Just accept the offer and your new shiny plastic card will be on its way to you. And once that card arrives, you’ll have the power to make impulse purchases even more easily and quickly.
Just before you start your spending spree, however, it might be smart to take a moment to flip that pretty brochure over and read the fine print. Try to focus on the fact that the annual interest rate is 19.99 percent on purchases and 22.9 percent on cash advances. Now that’s food for thought!
Here is what you need to consider when putting that credit card to work.
MOST CREDIT CARD DEBT IS “REVOLVING DEBT”
Credit cards are the most well-known type of revolving debt, but there are other forms as well. Lines of credit – like home equity lines of credit for example – can become a revolving debt if you carry a balance.
WHAT’S THE DIFFERENCE BETWEEN REVOLVING & FIXED DEBT?
REVOLVING DEBT
The Revolving Debt amortization schedule shows the term and interest that will be paid assuming the client makes the minimum payments of 3% (or $10, whichever is greater) of the outstanding balance until the debt is satisfied. This is a typical minimum payment required by lenders. The Fixed Debt amortization schedule shows the client what the term and interest paid would be if they paid a fixed amount equal to today’s minimum until the debt is satisfied, rather than the decreasing minimum payment over the period of time that the debt is outstanding.
EXAMPLE:
The client has an 18 percent credit card with a balance of $5,000 from purchasing a new couch. The client is making minimum payments (3% or $10, whichever is greater).
THIS MONTH’S PAYMENT IS: $150
The monthly payment will decrease to a minimum of $10 as the outstanding balance is repaid.
THE PERIOD OF TIME TO PAY OFF THE DEBT:
18 years and 10 months
TOTAL INTEREST PAID*: $4,801
*assuming no additional charges, annual or monthly fees or penalties
TOTAL COST PAID: $9,801 FIXED DEBT
EXAMPLE:
THIS MONTH’S PAYMENT IS: $150
Equal to this month’s minimum payment and remains the same for the term.
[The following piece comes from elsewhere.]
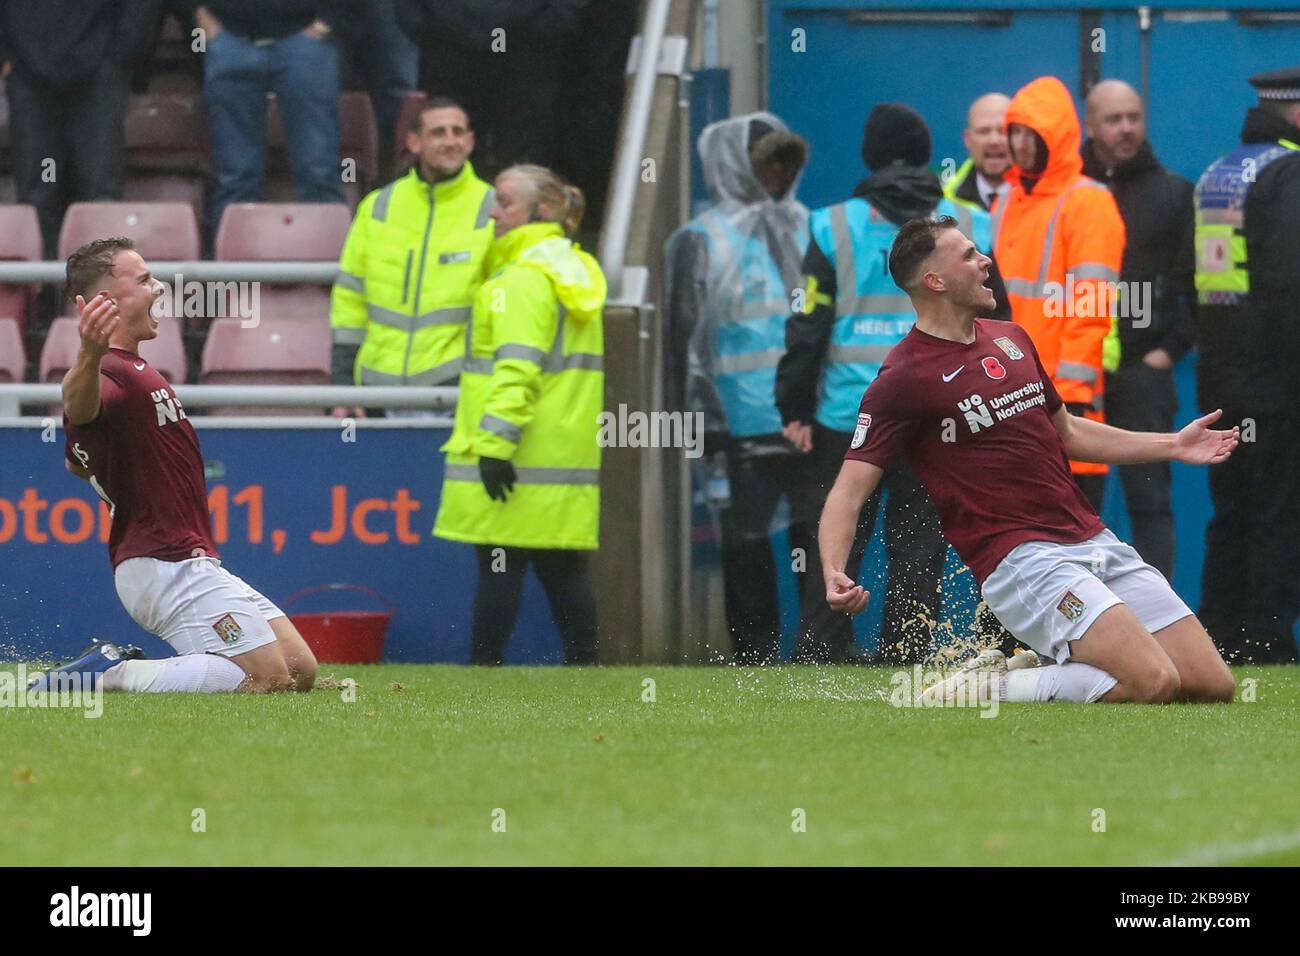 Harry Smith celebrates after scoring for Northampton Town, to take the lead making it 1 - 0 against Cambridge United, during the Sky Bet League 2 match between Northampton Town and Cambridge United at the PTS Academy Stadium, Northampton on Saturday 26th October 2019. (Photo by John Cripps/MI News/NurPhoto) Stock Photo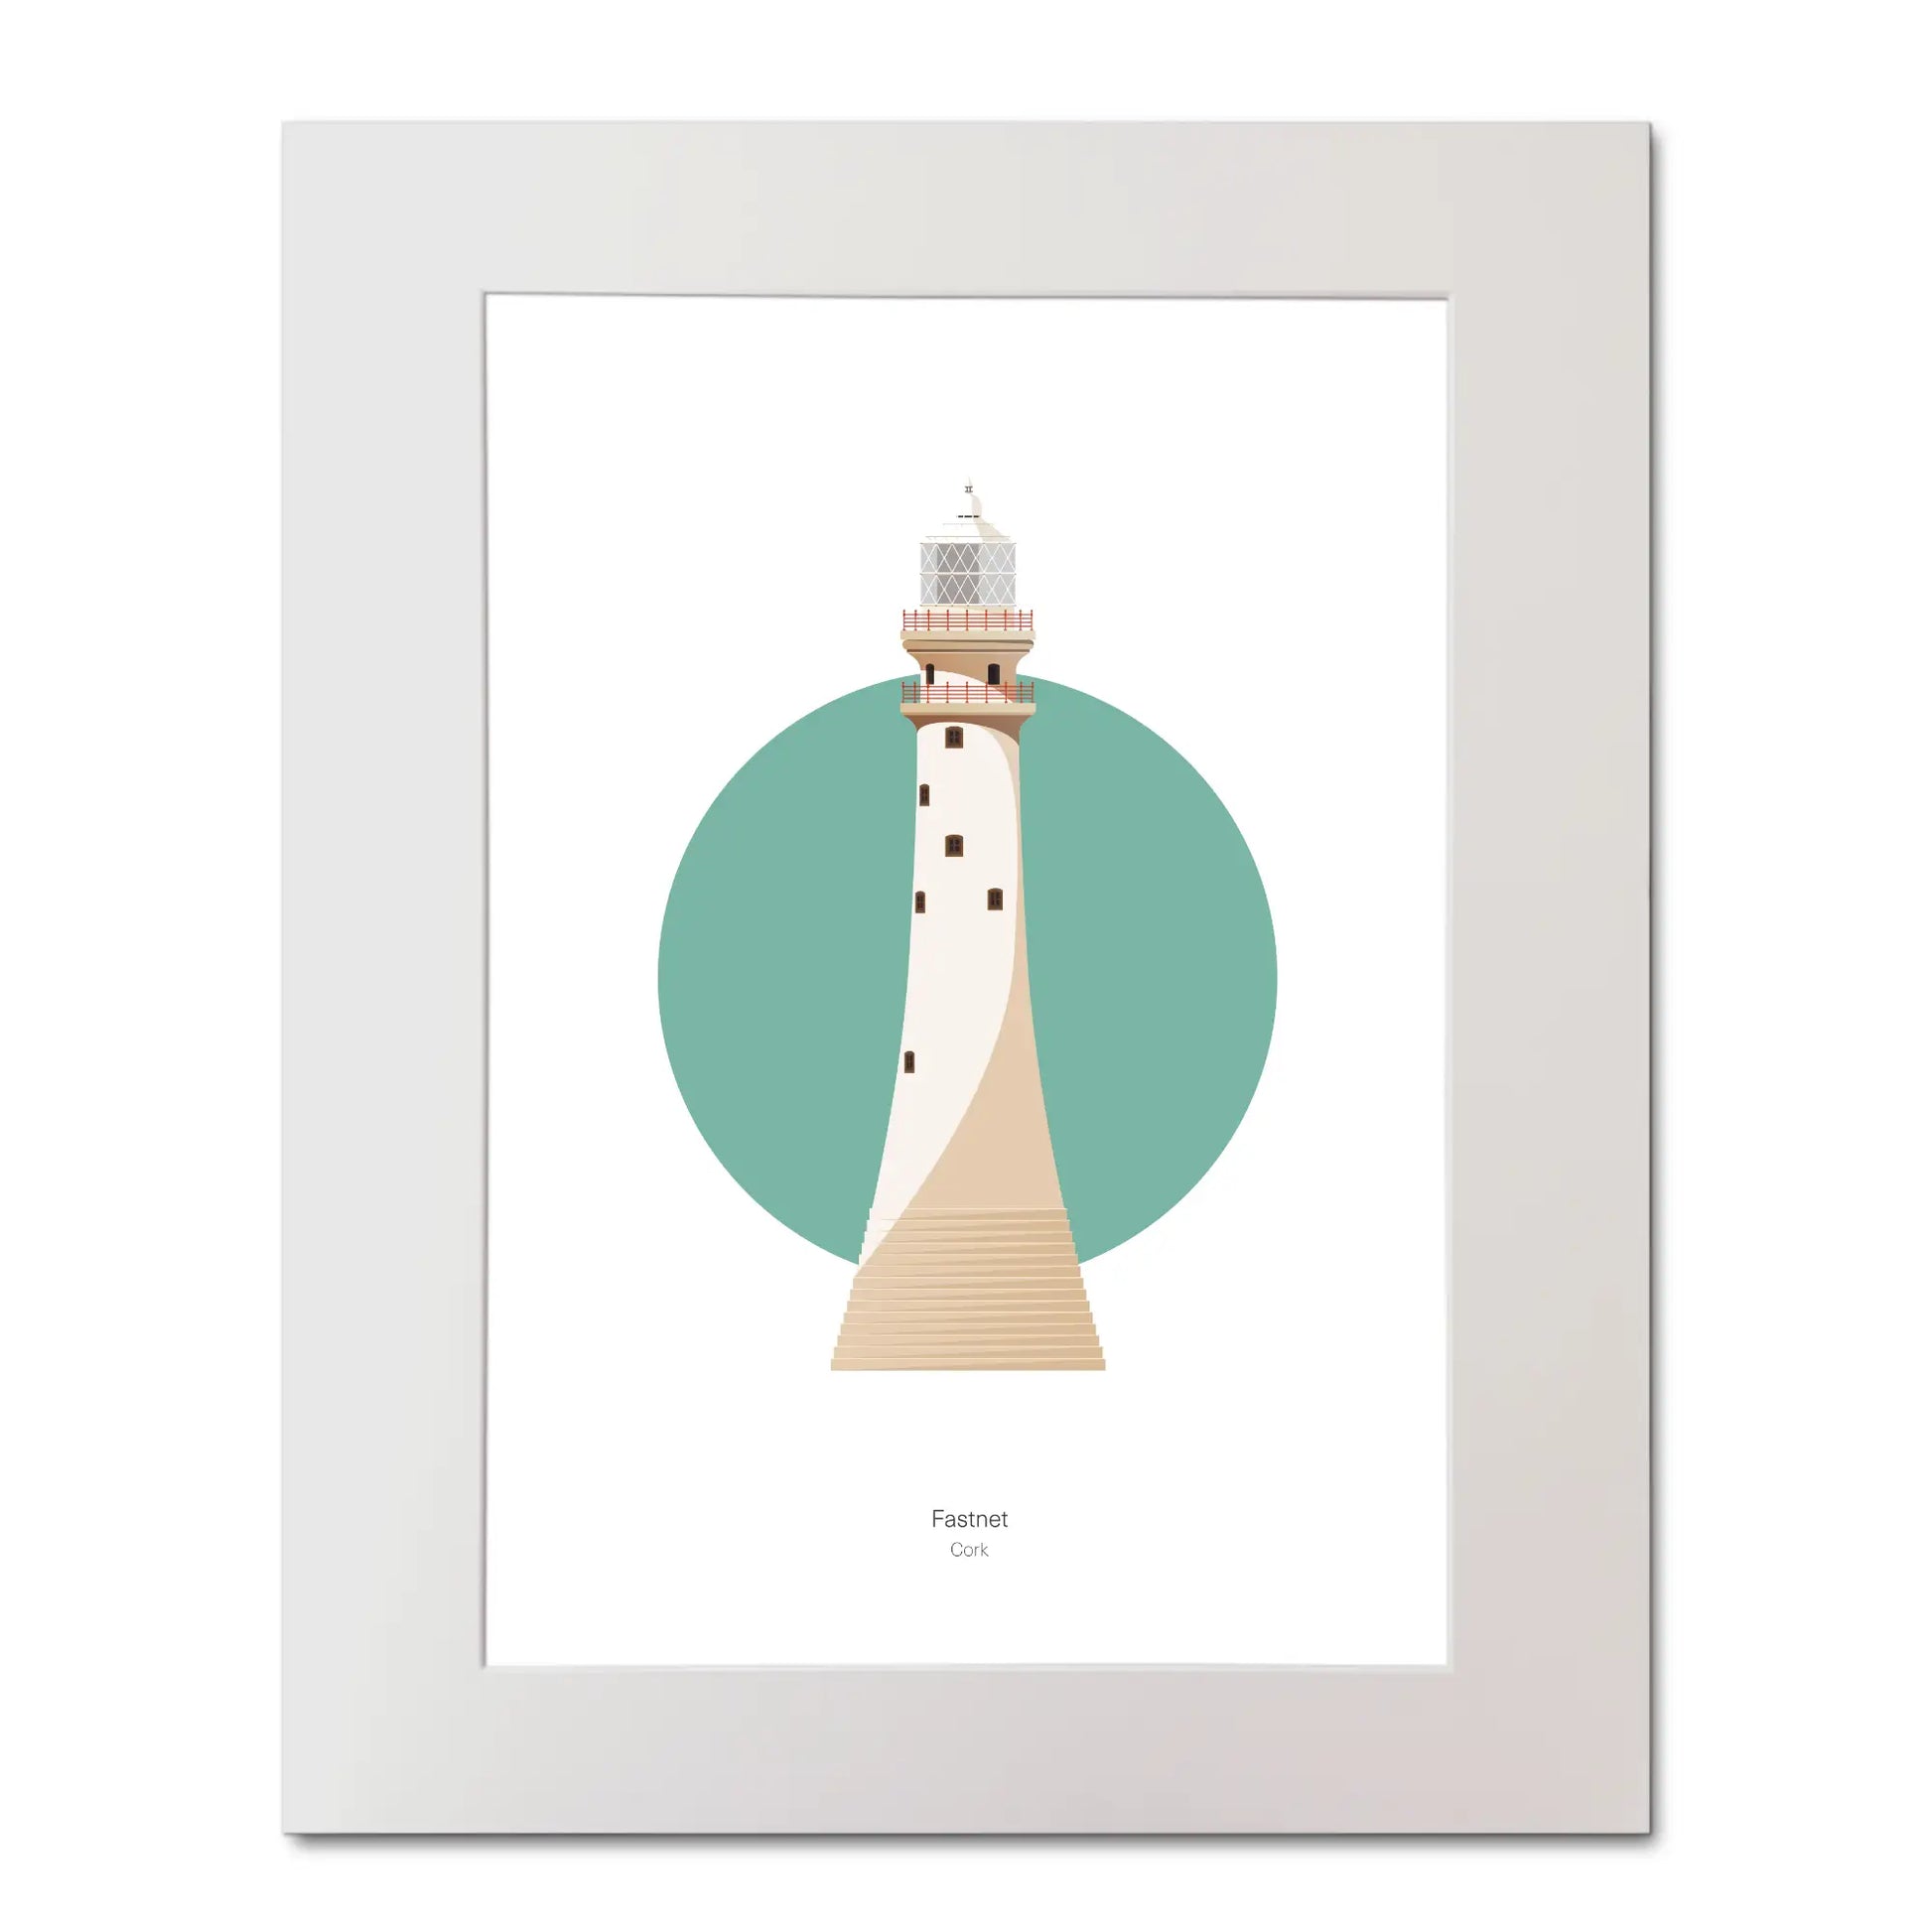 Illustration of Fastnet lighthouse on a white background inside light blue square, mounted and measuring 40x50cm.

THE PERIOD OF TIME TO PAY OFF THE DEBT:
3 years and 11 months
TOTAL INTEREST PAID*: $1,984
*assuming no additional charges, annual or monthly fees or penalties
TOTAL COST PAID: $6,984
By making fixed payments, this client would pay off the loan 14 years and 11 months sooner and save $2,817 in interest. This assumes the client makes no additional charges and there are no additional fees charged by the lender.
Impulse buying feels good, but it can be a difficult habit to get a handle on. Taking a moment to stop and think through a purchase, maybe even sleeping on it for a night or two, could save you lots of money in the end.
There’s no doubt that, from time to time, we’ll all stumble upon that one must-have item we can’t help but buy. Understanding the cause and effect of the purchases we make, however, can give us some valuable perspectives and help us to focus on our long-term goals, like saving for a vacation or that home we’ve been dreaming of. These are the purchases that will matter and will provide the kind of memories that will last a lifetime!